Ex-Fed Official Sharply Criticizes Decision to Rescue Bear Stearns
Tuesday, April 29, 2008
Vincent Reinhart, a former senior policy adviser to Alan Greenspan and current Federal Reserve Chairman Ben S. Bernanke, said the central bank's rescue of Bear Stearns was the "worst policy decision in a generation."
Fed officials invoked emergency powers last month to lend money to Bear Stearns after the fifth-largest U.S. securities firm by market value said it might file for bankruptcy.
"The panicked decision jumped over other possibilities" and may prove as damaging as Fed policy errors that caused the "great contraction" of the 1930s and the "great inflation" of the 1970s, Reinhart said yesterday.
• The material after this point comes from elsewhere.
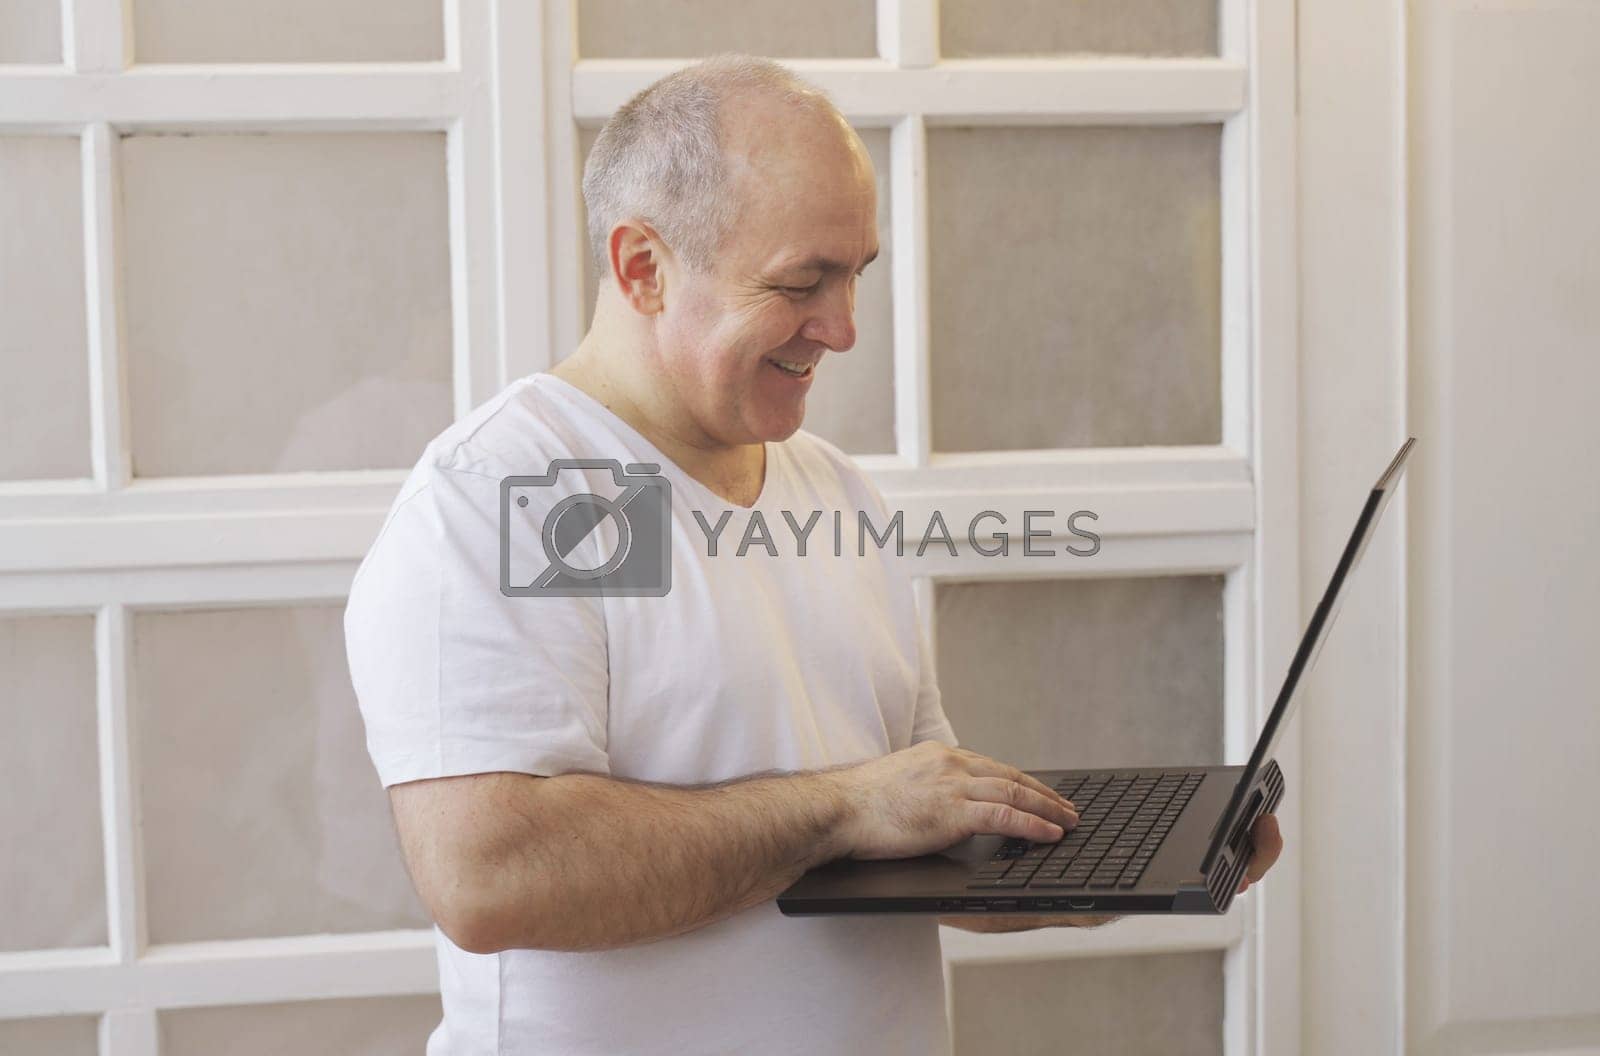 Royalty free image of A man with a laptop in his hands has a lively conversation on a video call by Sd28DimoN_1976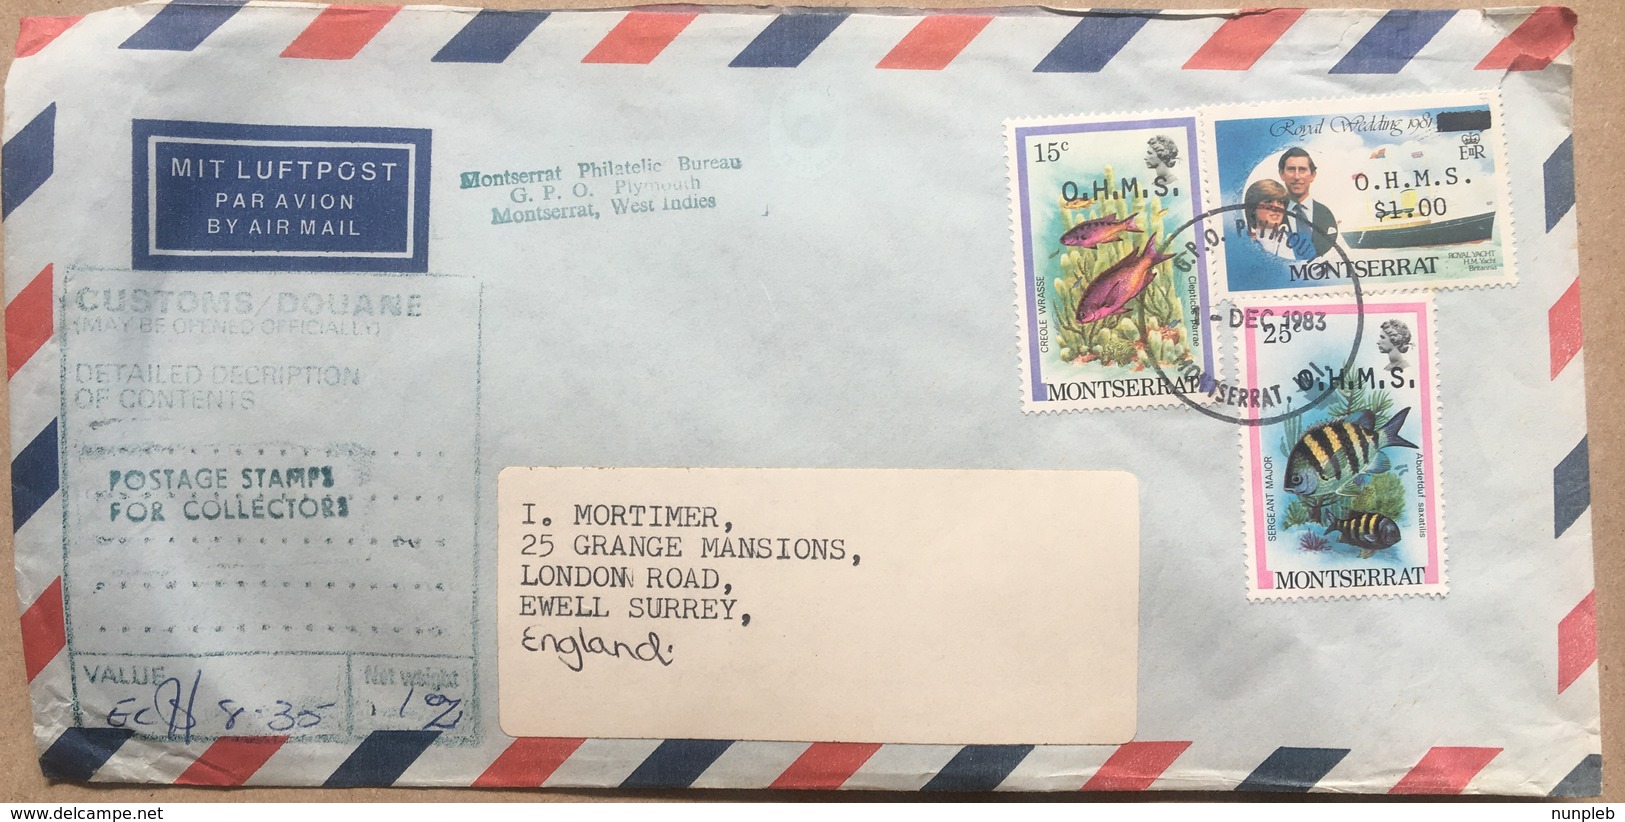 MONTSERRAT 1983 Air Mail Cover To England With Customs Cachet Tied With OHMS Overprints - Montserrat

Reinhart made the comments at a seminar on the credit crisis at the American Enterprise Institute in Washington, where he is a resident scholar. He became director of the Division of Monetary Affairs at the Board of Governors in 2001 and held that position until he left in September.
The Fed's actions "eliminated forever the possibility that the Federal Reserve could serve as an 'honest broker,' " Reinhart said in a slide presentation sent to Bloomberg News by e-mail. The central bank also "tilted the political playing field toward direct mortgage relief."
The Fed's Board of Governors invoked an emergency rule on March 14 to lend $13 billion to Bear Stearns after the firm informed New York Fed President Timothy Geithner that it would have to file for bankruptcy. Two days later, the Fed agreed to finance $30 billion of illiquid Bear assets to secure its takeover by J.P. Morgan Chase.
The Fed also opened up lending on March 16 to investment banks, known as the primary dealer credit facility, another unusual extension of credit by the Fed to non-bank corporations.
Geithner told a congressional hearing April 3 that the risks of the Fed's actions "are modest in comparison to the substantial damage to the economy and economic well-being that potentially would have accompanied Bear's insolvency."